Ethiopia has officially inaugurated Africa’s largest hydroelectric dam, a project set to power millions of homes while also intensifying tensions with Egypt downstream.
With a population exceeding 120 million, Ethiopia views the $5 billion Grand Ethiopian Renaissance Dam (GERD), built on a Nile tributary, as central to its economic growth.
Since the first turbine began operating in 2022, the dam has steadily increased its output, reaching a peak of 5,150 MW, placing it among the world’s 20 largest hydropower plants, though still only a quarter the size of China’s Three Gorges Dam.
During Tuesday’s ceremony in Guba, an Ethiopian fighter jet roared low over the dam’s cascading waters, which drop 170 metres (558 feet).
Prime Minister Abiy Ahmed addressed dignitaries, including the presidents of Somalia, Djibouti, and Kenya, beneath a massive Ethiopian flag.
Speaking to the region, Abiy declared, “Ethiopia built the dam to prosper, to electrify our region, and to change history—not to harm our brothers in Sudan and Egypt.”
He emphasized that the project will bring electricity to nearly half of Ethiopia’s citizens who lacked it as recently as 2022, while also allowing the country to export surplus power to neighbors.
The vast reservoir, now covering an area larger than Greater London, will ensure steady irrigation water and help reduce flooding and drought, according to the government.

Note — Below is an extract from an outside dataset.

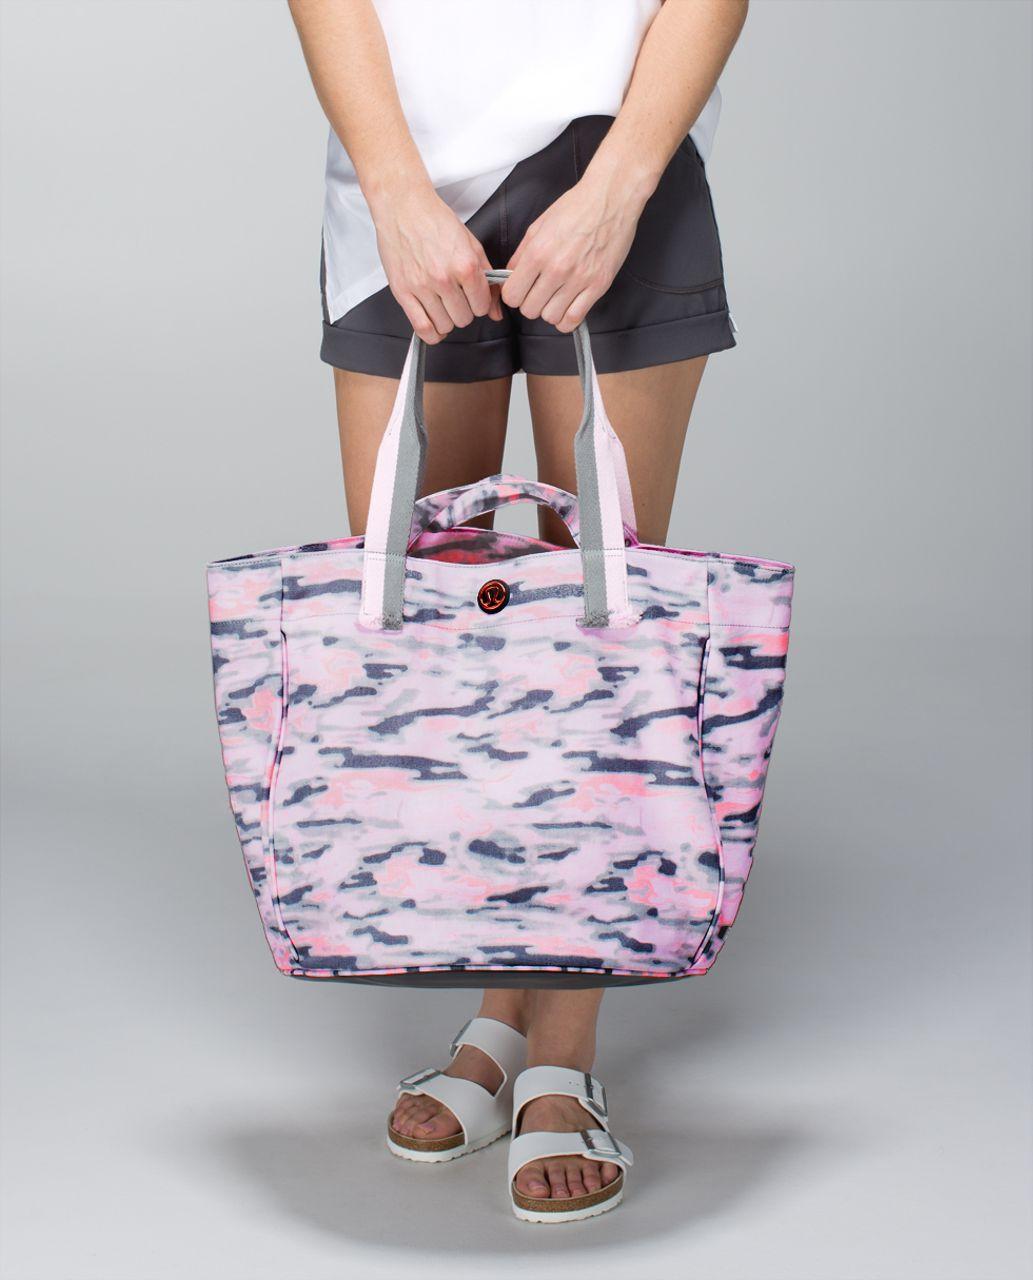 Lululemon Beach Breaker Bag - Wamo Camo Barely Pink / Exploded Manifesto Pop Block Embossed Bleached Coral

Still, Egypt and Sudan have long viewed the dam with concern. Since construction began in 2011, they have warned that it threatens their water security.
Egypt, recalling its own Aswan High Dam on the Nile, fears the GERD could cut its supply during droughts and set a precedent for more upstream dams.
Cairo’s Foreign Ministry told the U.N. Security Council that Ethiopia’s inauguration of the project violated international law.